Poushali Das, Int PBS, Assignment

Oogenesis In Zebrafish
Oogenesis is a dynamic process where the oocyte undergoes different stages of development.
Depending on the pattern of development of the oocyte, ovary and the oogenesis itself can be
classified into three different types :

synchronic oogenesis : here all the oocytes develop at the same time, ovulation also being
simultaneous.
synchronous oogenesis : it consists of at least two populations of the oocytes at different
developmental stages.
asynchronic oogenesis : different development stages of the oocyte maturation and
ovulation in groups may be found within the ovaries.

The oogenesis in Zebrafish is found to be asynchronic.
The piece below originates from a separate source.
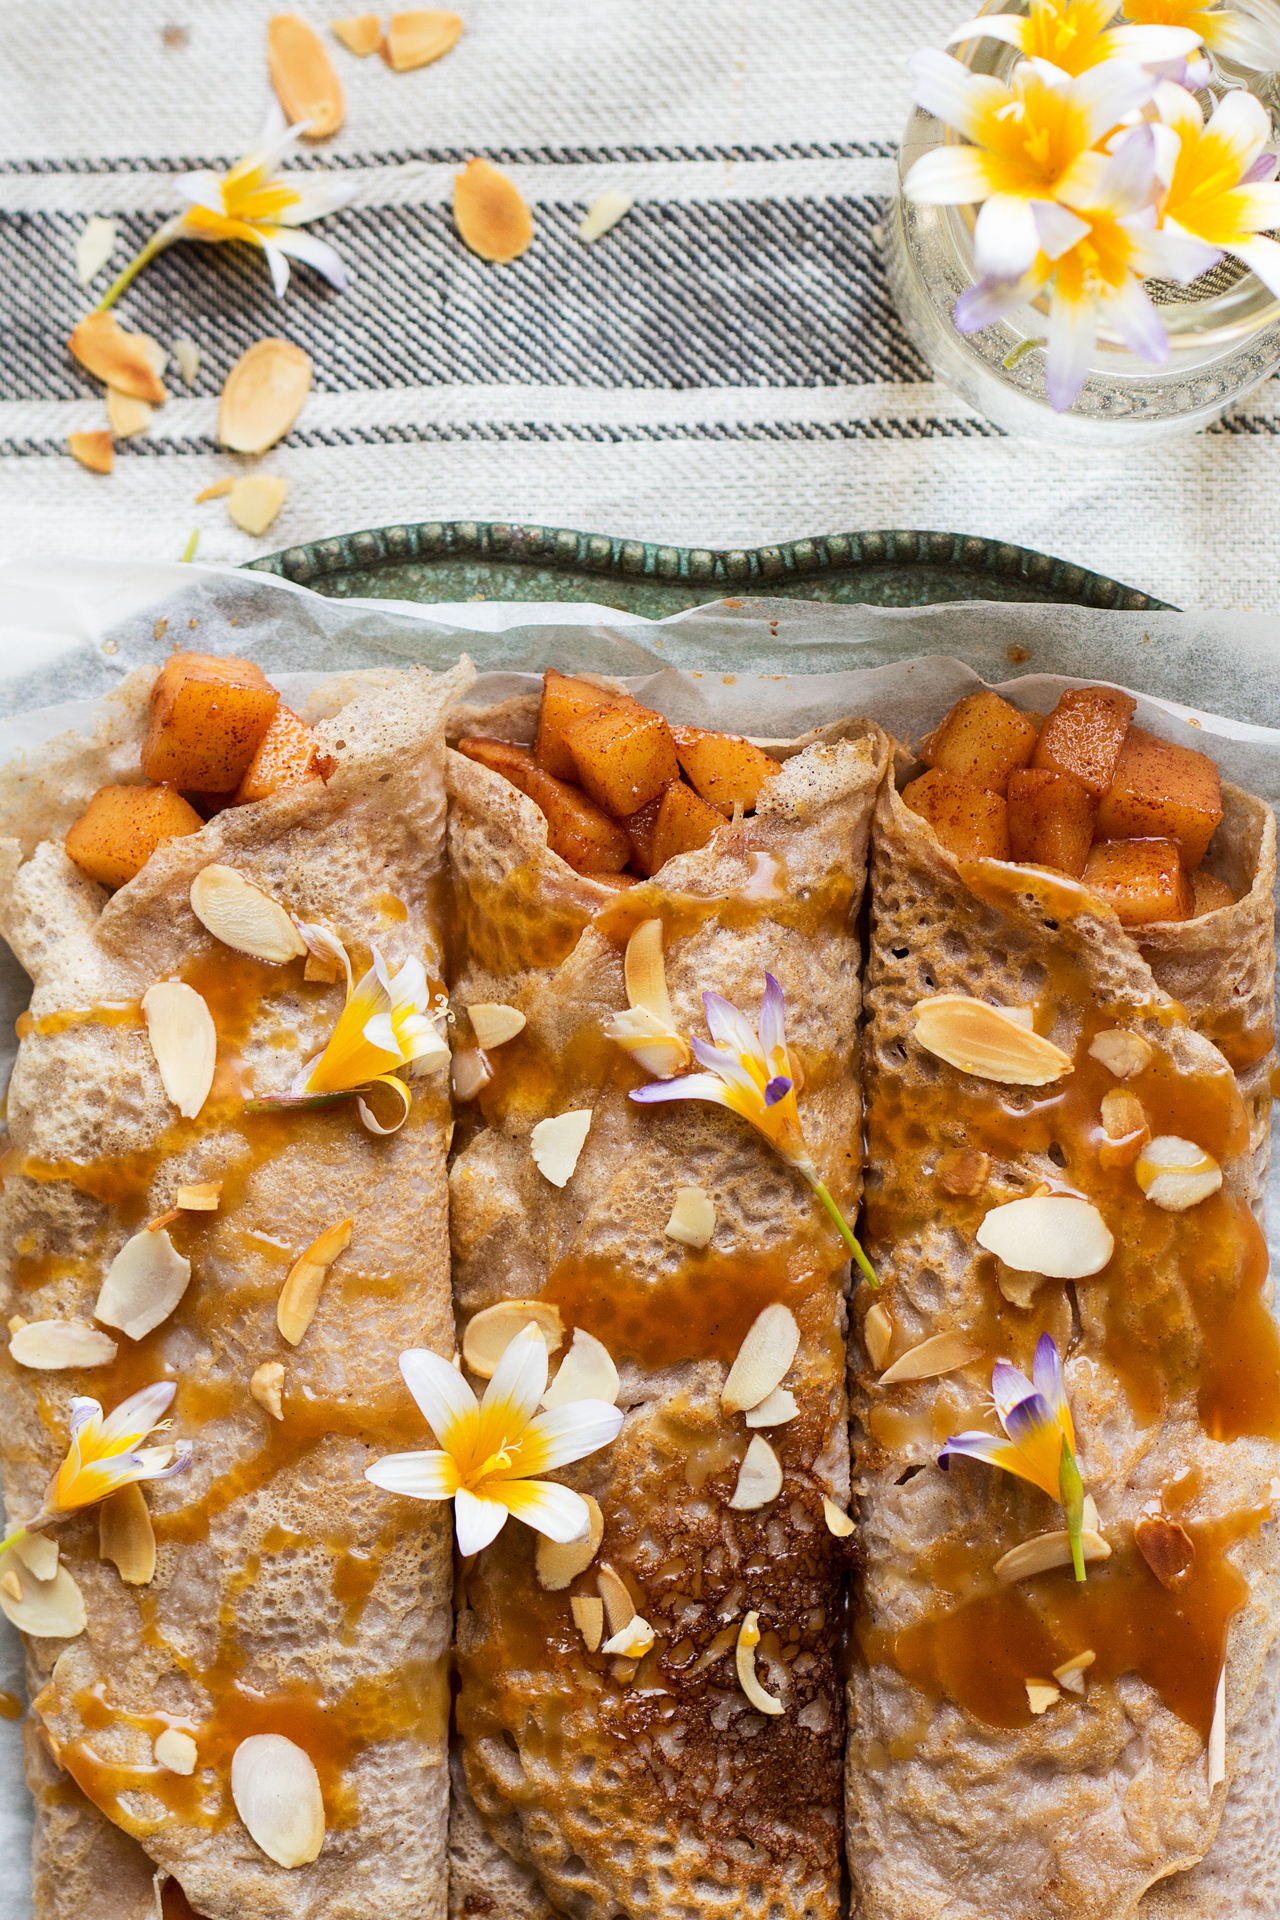 Eggless crêpes with cinnamon apples and caramel - Lazy Cat Kitchen

Stages Of Oogenesis : The structure of the ovary of zebrafish when investigated by using the
histological, histomorphological, histochemical and transmission electron microscopy methods after
the application of different fixatives and stains at both light and electron microcopy level, show four
morphological stages of oocyte development.

1) Primary growth stage : In the first growth phase, multiple nucleoli are observed in the nucleus of
the oocyte. The oocyte diameters vary between 0.08- 0.16 mm during the first growth phase of the
oogenesis. There is a direct relationship between the oocyte growth phase in the oogenesis and the
volume of the ovary or oocytes. The layers (zona radiata) around the follicle are neither thick nor
completely present in the growth phase.

2)Cortical alvelolus stage : here, the granular structures in the ooplasm increase in number.As the
oocytes grow, the cortical alveoli proliferate and follicle increases in the size.The oocyte becomes
opaque in the area that surrounded the nucleus. This stage has oocytes with diameters of 0.16- 0.28
mm. During this stage the nucleus enlarges, and the nucleoli are pushed from the nuclear envelope.
In this phase the vitelline envelope (zona radiata) begin to form and the follicle epithelium becomes
thicker. Invaginations of the nucleus membrane are infrequently accompanied to the irregular
structure of the nucleus.

3)Vitellogenic stage (Vitellogenesis) : In this stage the vitelline membrane begin to develop. The
oocyte size increases. Vitellogenesis or the development of the vitelline envelope occurs in follicles
with diameters ranging between 0.28-0.74 mm. There is the appearance of round , cortical vesicles
in the periphery of the cytoplasm. The number and size of the yolk vesicle increase. Lipids and
protein granules accumulate. The granular structures that appeared in the cortical alveolar phase
are now larger and the nucleus was irregular in the shape.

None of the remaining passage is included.